William Urrutia se acercó a la puerta que estaba junto a su escritorio y con un gesto le solicitó que lo acompañara adentro. Marty asintió y obedeció. La nueva habitación era tres veces más grande que la anterior, tenía demasiados cajones de metal y un montón de archivos apilados en diferentes lugares.

—¿Y esto qué es?

—Aquí almaceno toda la información confidencial de la SPC. Debes sentirte orgulloso de poder estar aquí. Muy pocos han podido ingresar y demasiados atesorarían estar en tu lugar.
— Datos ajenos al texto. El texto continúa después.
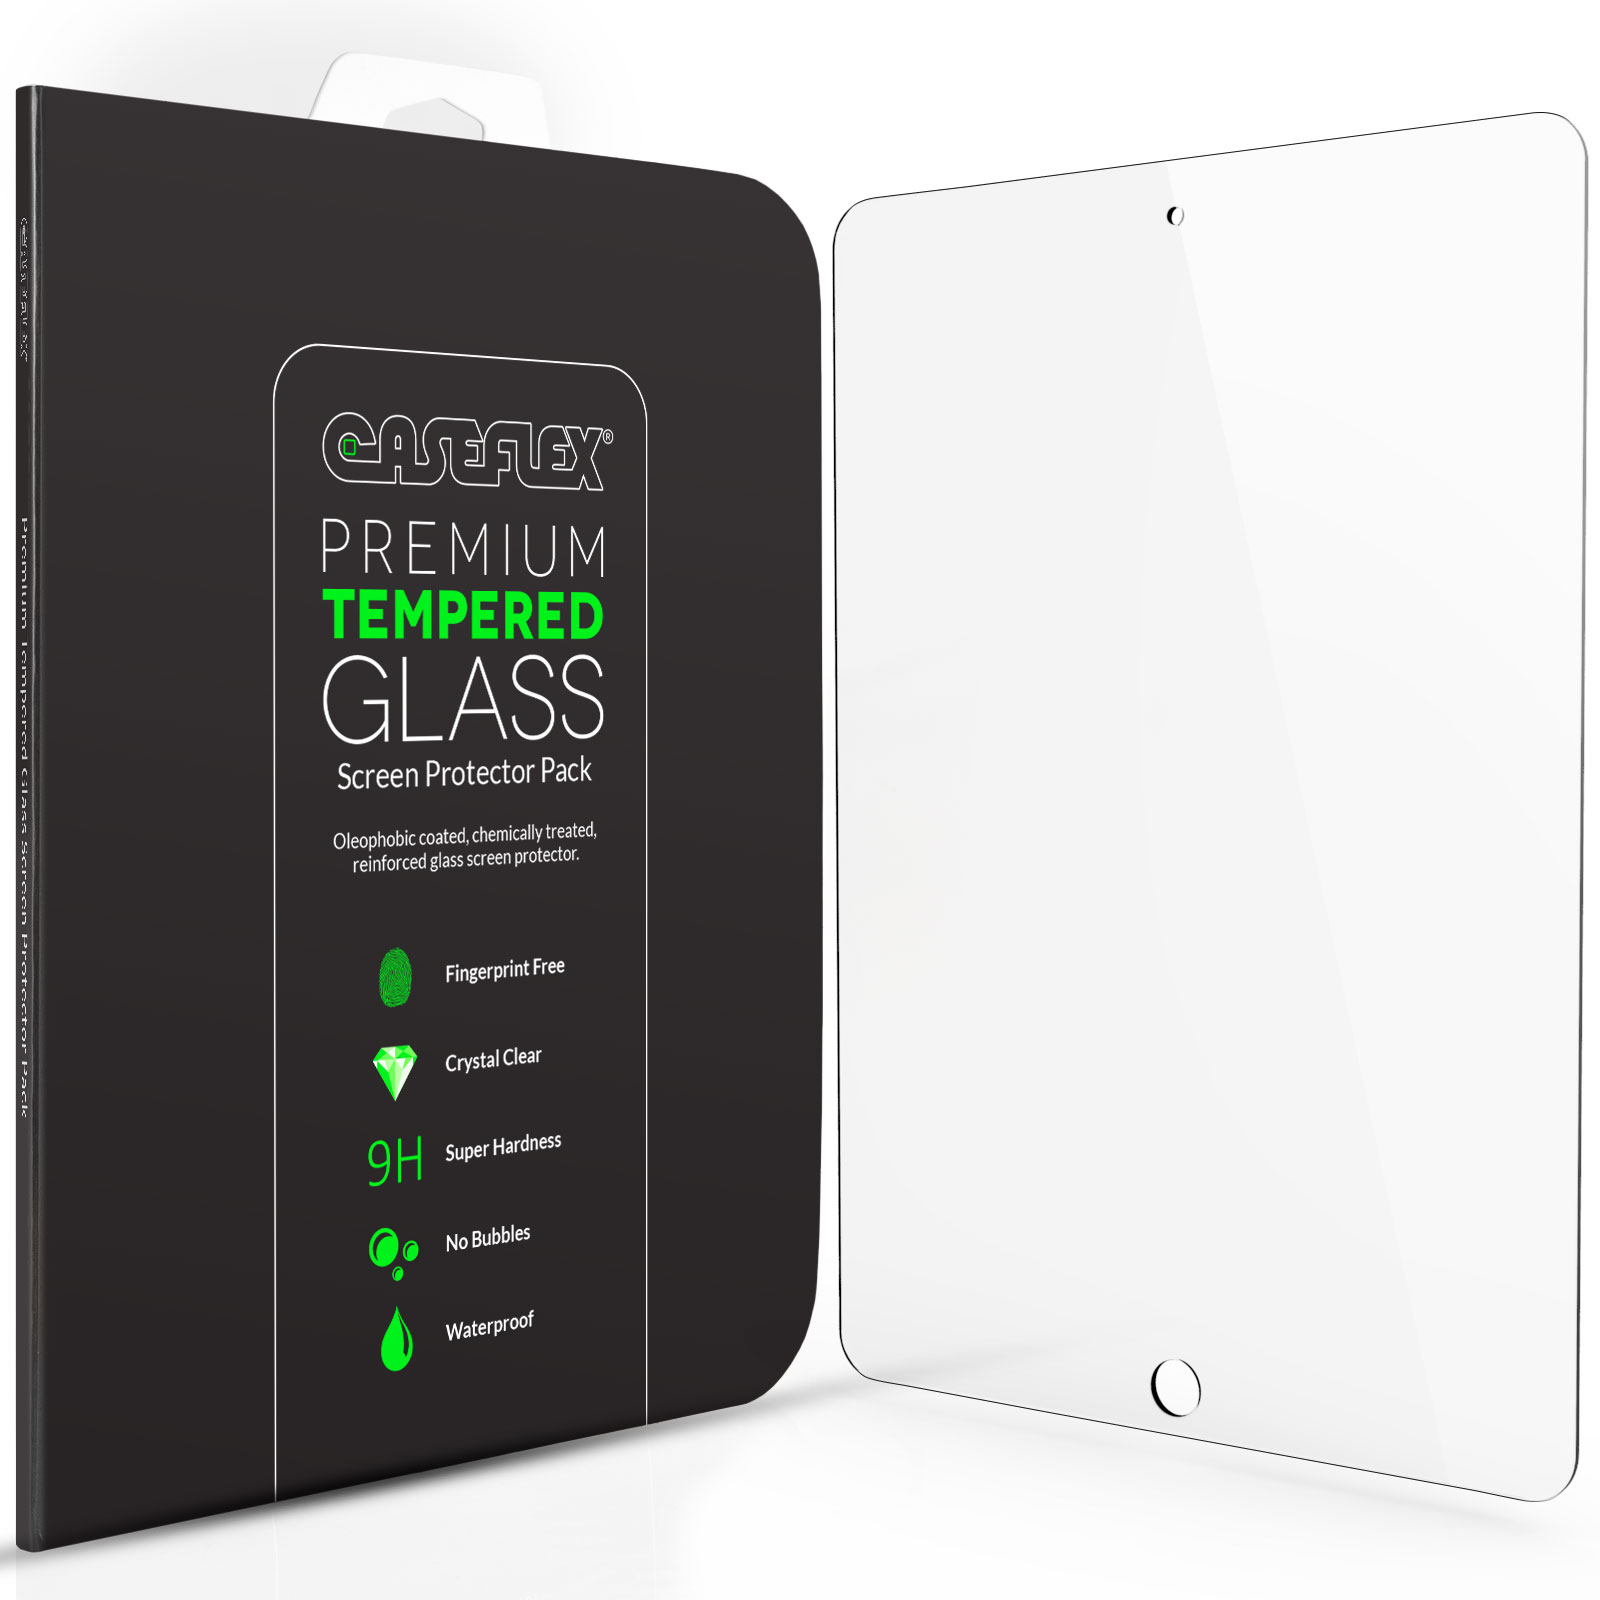 Caseflex iPad Air / Air 2 Tempered Glass Screen Protector [Retina Display Compatible 0.2mm Thickness / 9H Hardness Rating]
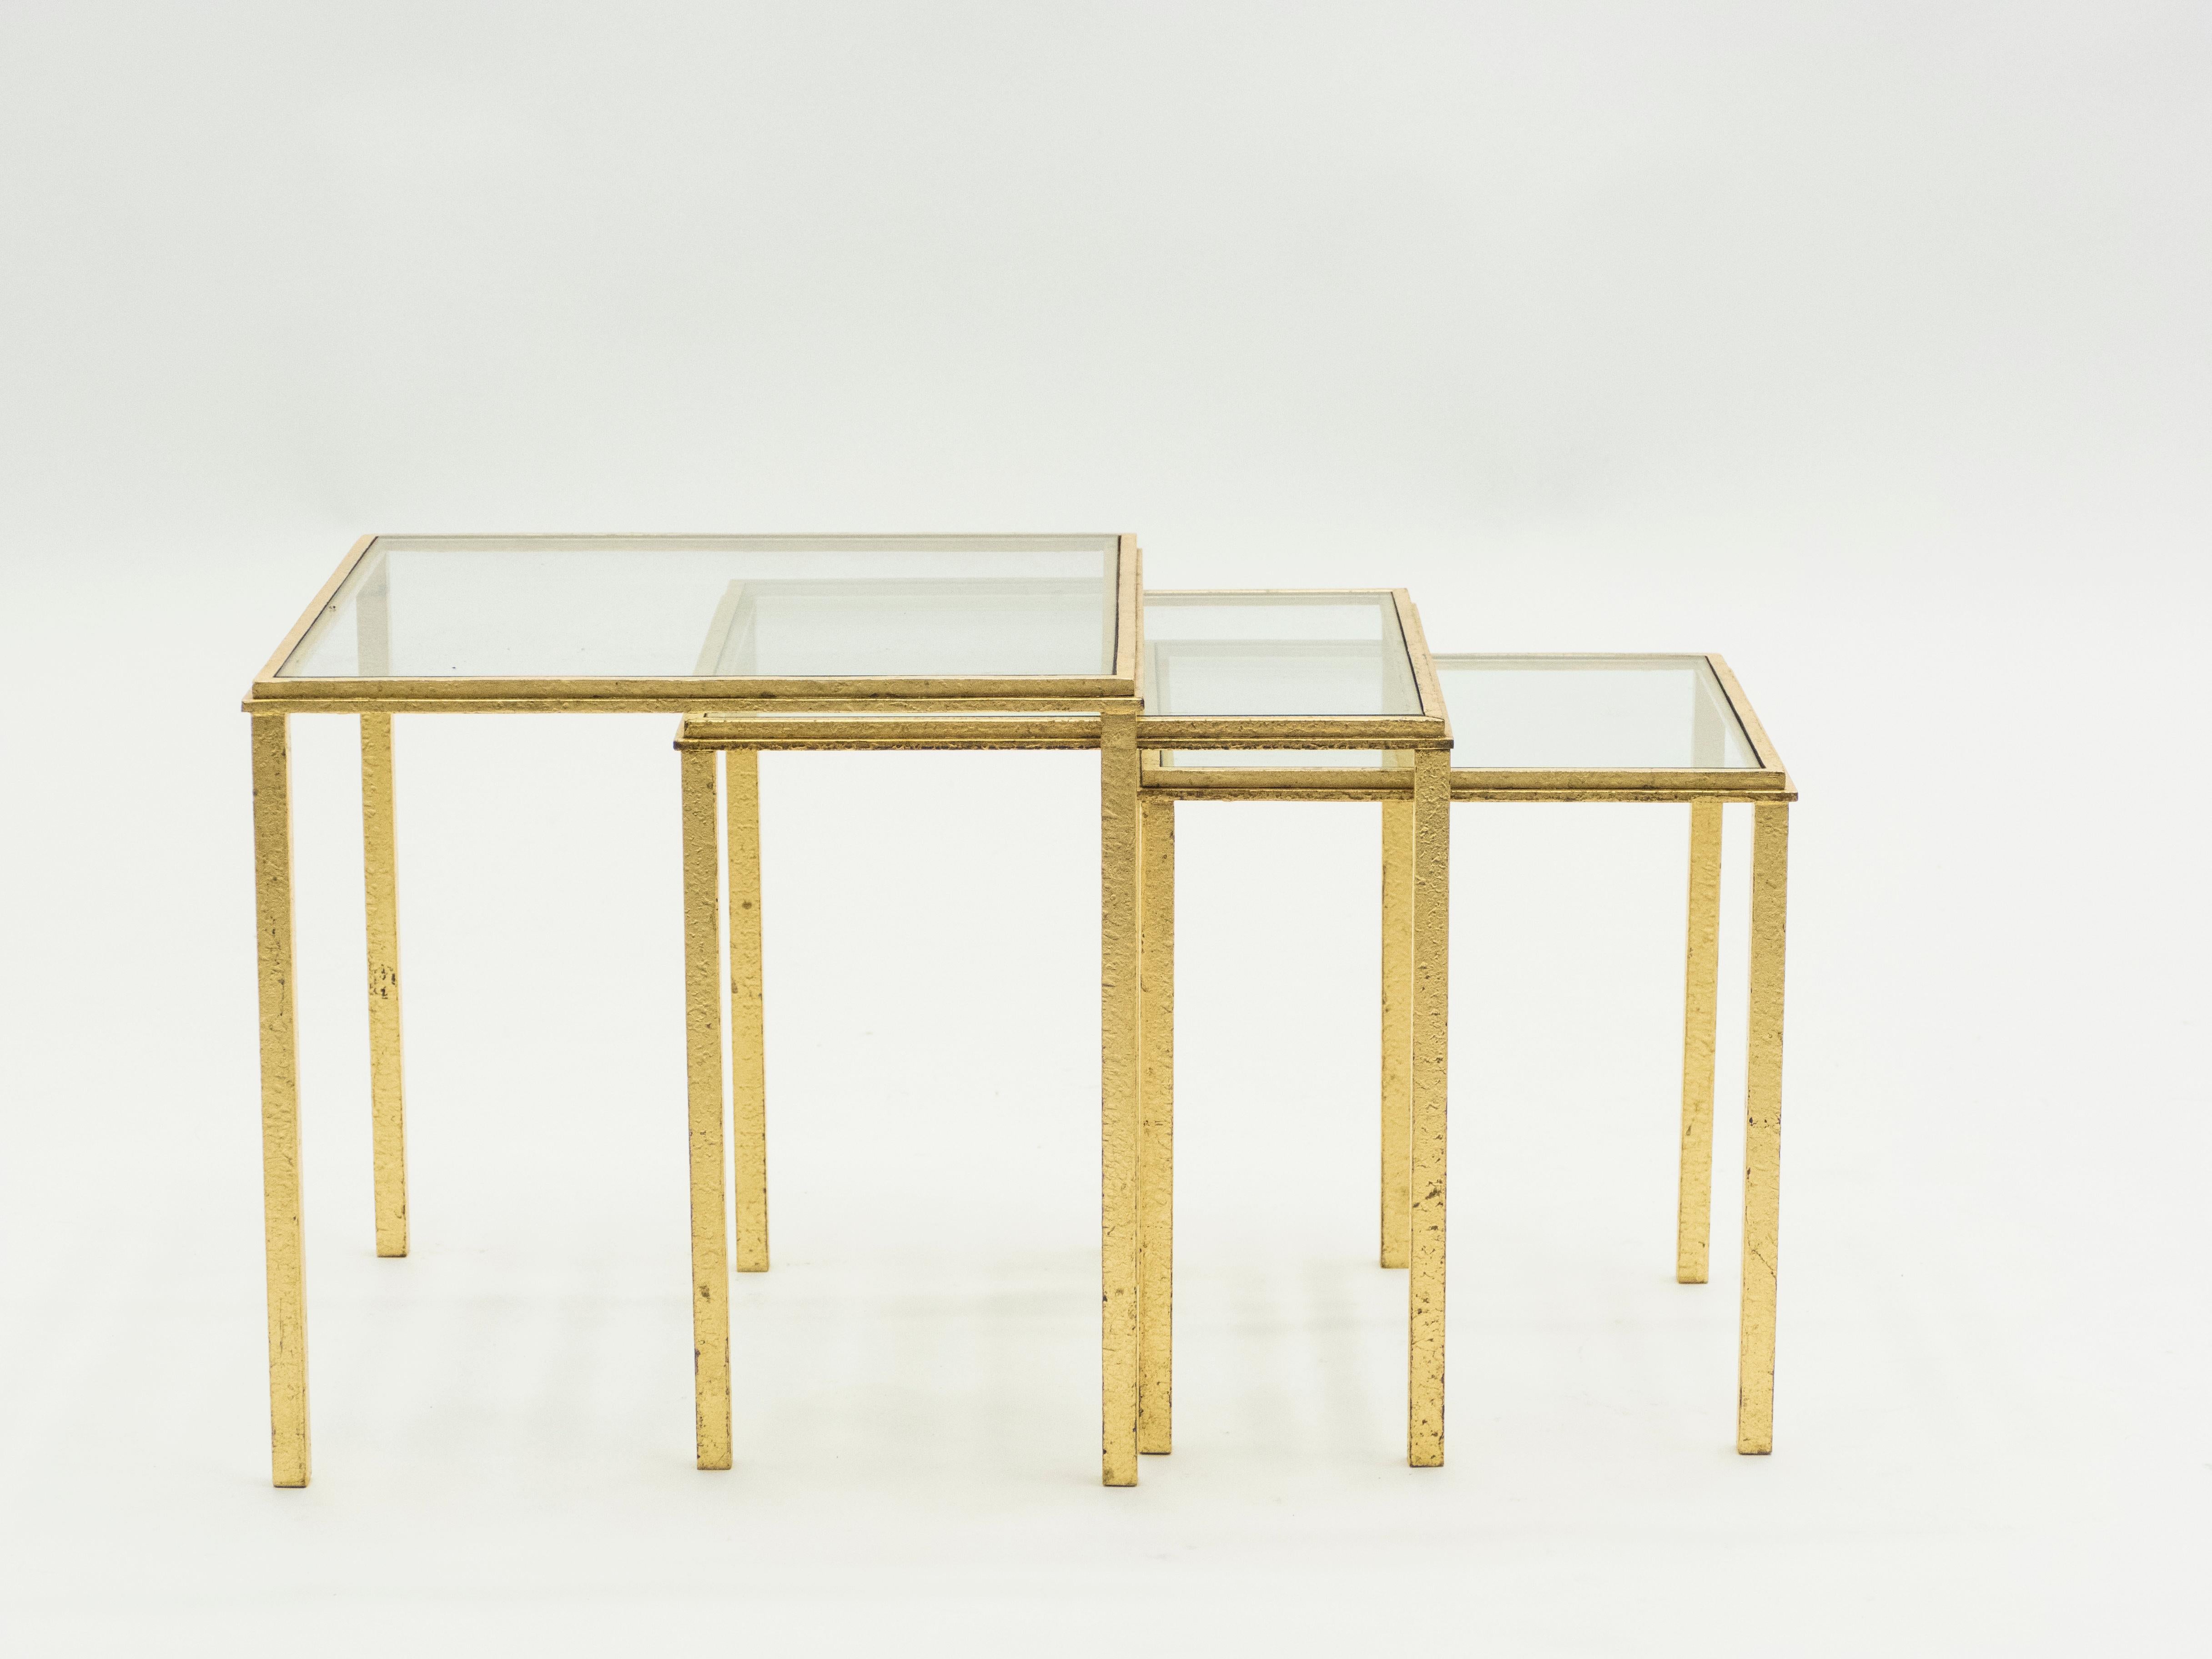 Midcentury Roger Thibier Gilt Wrought Iron Gold Leaf Nesting Tables, 1960s For Sale 5

Al principio se sintió emocionado, tanto, que deseaba revisar cada archivo que ahí se encontraba, pero, después, a los diez minutos de estar en la habitación, más que sentirse afortunado, estaba aburrido. William Urrutia hablaba acerca cosas poco relevantes para cualquiera. No se detuvo en nada interesante respecto al asesinato del senador Máximo Jara, sino que empezó a hablar de un tal Michael Stephenson, un millonario. El señor Stephenson era hijo de un extranjero que llegó al país unos sesenta años atrás y que se convirtió en el mayor productor de cereales del mundo entero. John Stephenson era un hombre tan caritativo que al morir dejó gran parte de sus riquezas a los países más pobres del globo terráqueo. A pesar de no heredar mucho dinero de su padre, Michael Stephenson se quedó con las empresas e hizo que estas mejoraran exponencialmente. Aunque Marty conocía ya conocía esta historia, William Urrutia no omitió ningún detalle, e incluyó todo lo referente a los dos matrimonios, a la muerte de la primera esposa del señor Stephenson y lo tanto que esto repercutió en la vida del millonario y en su forma de actuar. Para Marty, esos fueron los diez minutos más aburridos de su vida. Por suerte, después de esto, el jefe comunal de la SPC dio información más sabrosa. Comentó que una fuente confiable le mencionó a la jefa nacional de la SPC, o sea, su jefa, que había visto a Germi Barbo entregarle algo a Michael Stephenson a unas cuantas cuadras de la casa del senador pocos minutos después de haber sido cometido el asesinato. Luego de que la SPC registrara la casa, descubrieron que la caja fuerte del senador estaba vacía.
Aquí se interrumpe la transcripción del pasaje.